When parsing the lines in req_buffer_lines, should I be deleting them when I'm done so they can be garbage collected? Or am I overthinking this and all these details are taken care of as well?

Here's the entire method:

    @staticmethod
    async def parse_http_request(req_buffer):
        """
        Given a raw HTTP request, return a dictionary with individual elements broken out

        Args:
            req_buffer (bytes): the unprocessed HTTP request sent from the client

        Raises:
            exception: when the request buffer is empty

        Returns:
            dictionary: key/value pairs including, but not limited to method, path, query, headers, body, etc.
                or None type if parsing fails
        """
        assert (req_buffer != b''), 'Empty request buffer.'

        req = {}
        req_buffer_lines = req_buffer.decode('utf8').split('\r\n')
        req['method'], target, req['http_version'] = req_buffer_lines[0].split(' ', 2)  # Example: GET /route/path HTTP/1.1
        if (not '?' in target):
            req['path'] = target
        else:  # target can have a query component, so /route/path could be something like /route/path?state=on&timeout=30
            req['path'], query_string = target.split('?', 1)
            req['query'] = Thimble.parse_query_string(query_string)

        req['headers'] = {}
        for i in range(1, len(req_buffer_lines) - 1):
            if (req_buffer_lines[i] == ''):  # Blank line signifies the end of headers.
                break
            else:
                name, value = req_buffer_lines[i].split(':', 1)
                req['headers'][name.strip()] = value.strip()
                
        req['body'] = req_buffer_lines[len(req_buffer_lines) - 1]  # Last line is the body (or blank if no body.)
        
        return req

jimmo · 2022-10-29T00:47:17Z

jimmo
Oct 29, 2022
Maintainer

Am I creating a double copy of the data with the split

Depending on how you count, it's actually a triple copy -- at one instant there will be:

the original req_buffer bytes
the decoded str
the split list of strs

The second one is temporary and nothing holds a reference to it, but will not be freed until a collection runs.

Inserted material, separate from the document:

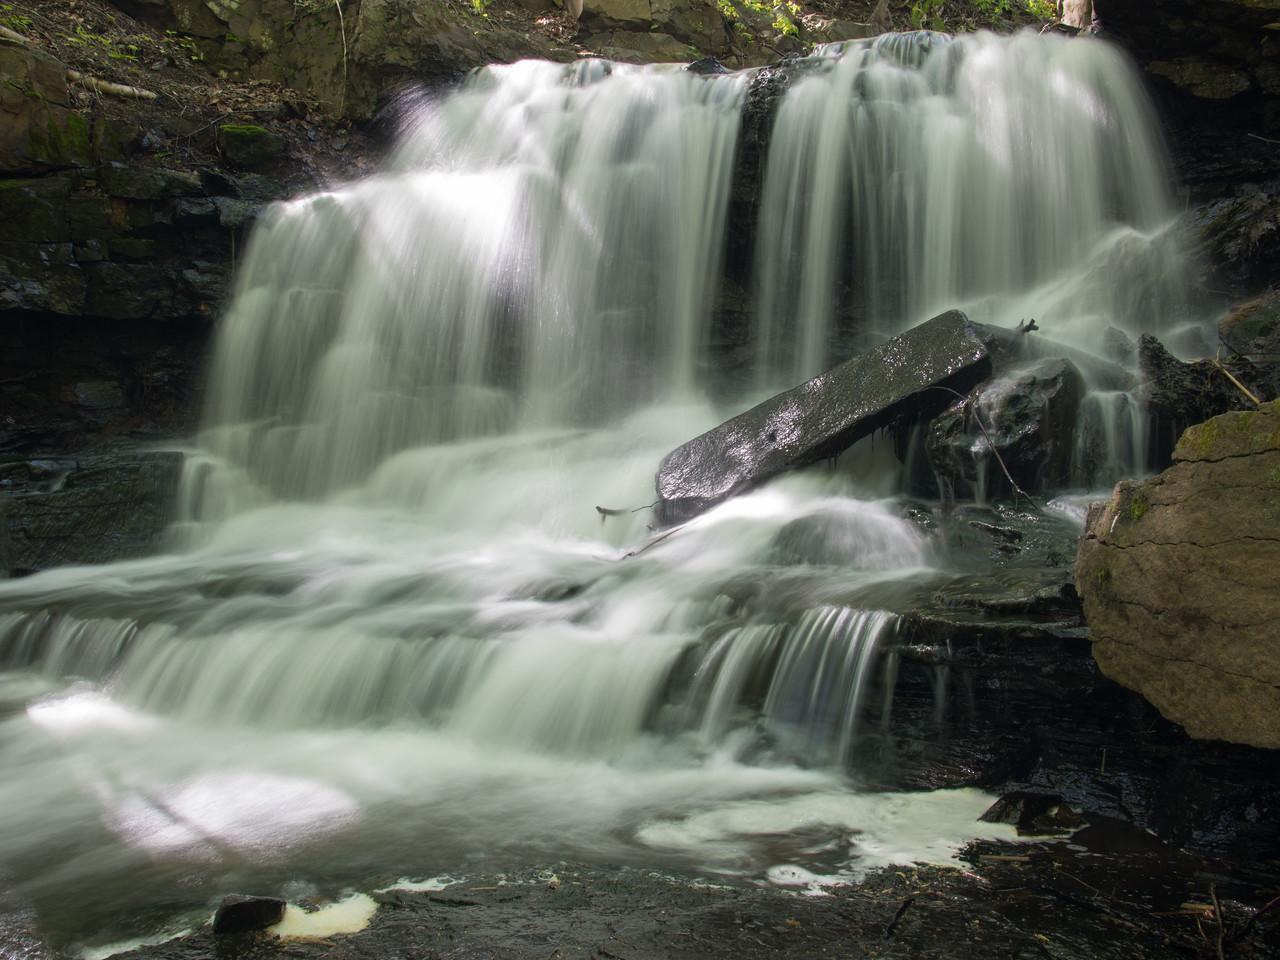 Dividend Falls

(That point is a bit subtle -- at a high level there really isn't a difference between "available for free" and "actually free" because (see below) an allocation attempt will implicitly collect if necessary, but practically there is a difference when it comes down to heap fragmentation and peak memory usage).

Or, is MicroPython smart enough to see that req_buffer is never used again and will free up the space it was occupying?

As long as there still exists a reference to req_buffer, the GC cannot reclaim it. There's no analysis of "this variable is not used later in this function" (I'm not sure that you could do this in a way that wouldn't subtly break programs -- the rule is that scope is what is important, not usage).

But you can control this manually -- Normally I would suggest that you can use del req_buffer to remove the reference held by the local variable, however in this case req_buffer is an argument, so the caller still holds a reference to it.

Do I need to force this with a gc.collect() after the split, or does it happen automatically?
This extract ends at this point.